::: Provided material

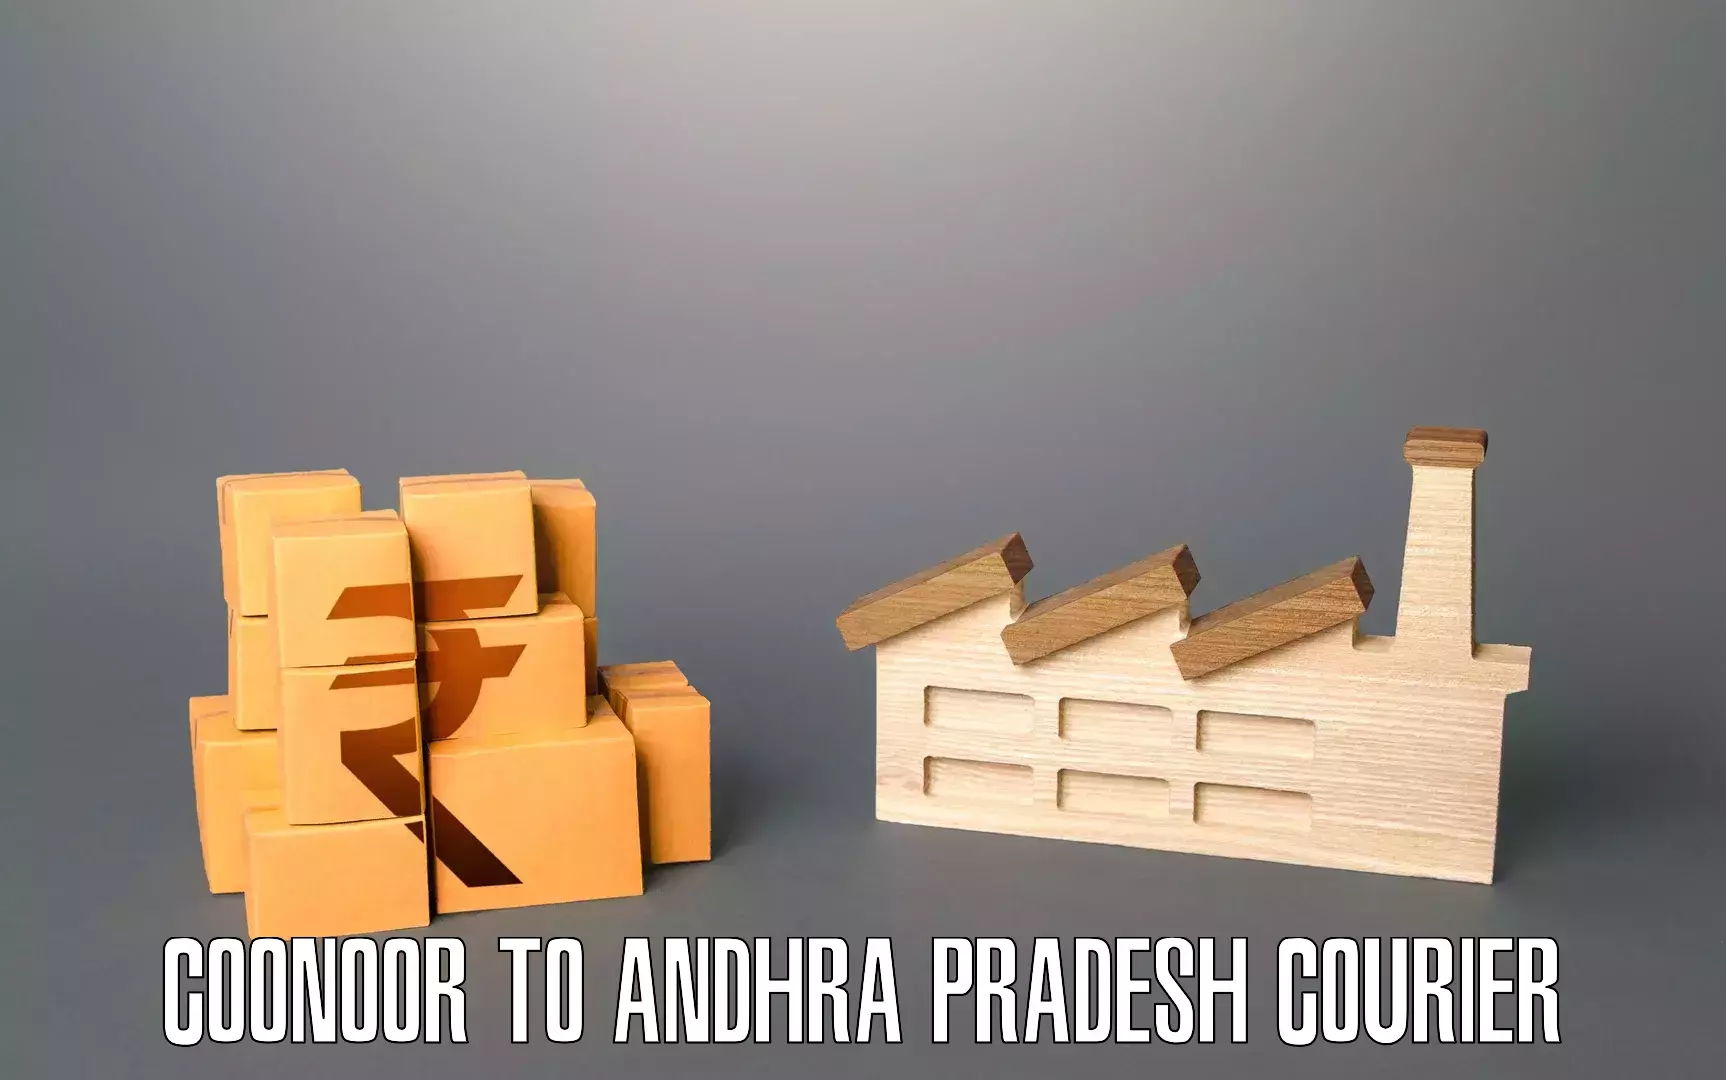 Custom moving plans in Coonoor to Andhra Pradesh
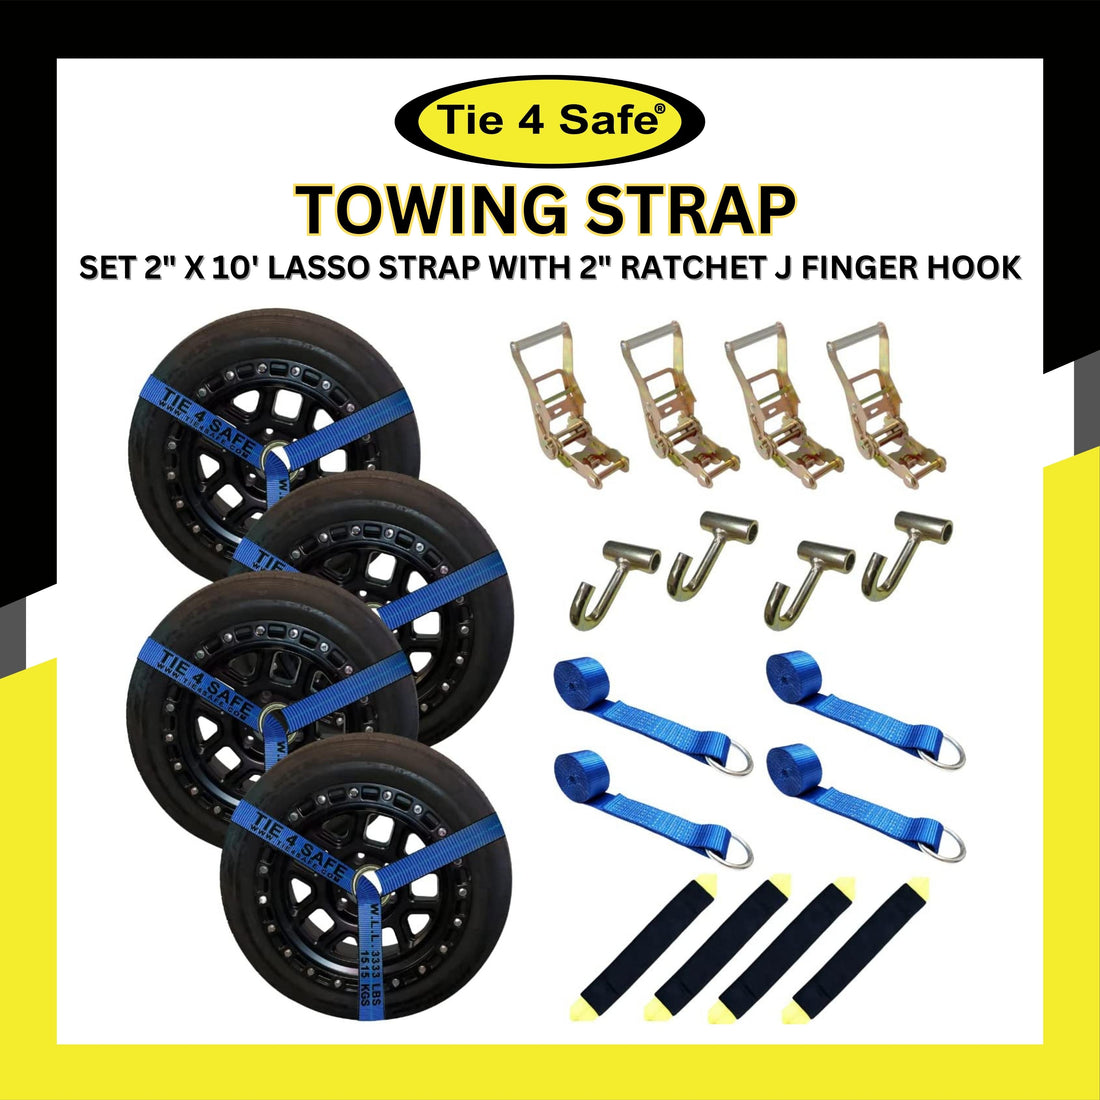 4 Set 2 x 10' Lasso Strap With 2 Ratchet J Finger Hook – Tie 4 Safe
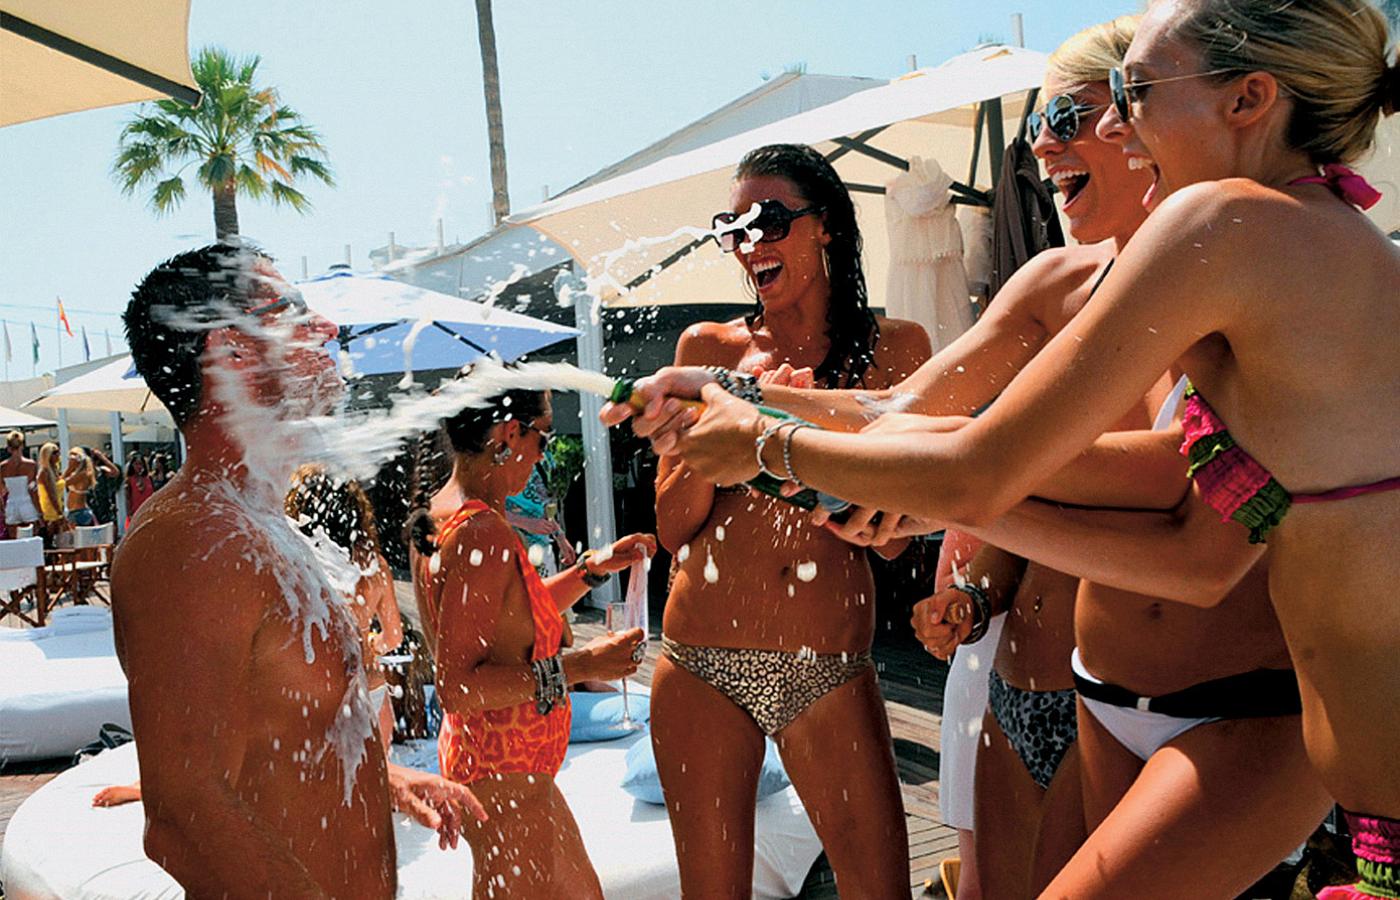 Bitwa szampanowa w klubie plażowym - wstęp 175 euro.

::::::

### [Exercise goal]
You are asked to reproduce each line above exactly, but to exclude the pictures.

### [Answer area]
 Custom moving plans in Coonoor to Andhra Pradesh
 4 Set 2 x 10' Lasso Strap With 2 Ratchet J Finger Hook – Tie 4 Safe
 Bitwa szampanowa w klubie plażowym - wstęp 175 euro.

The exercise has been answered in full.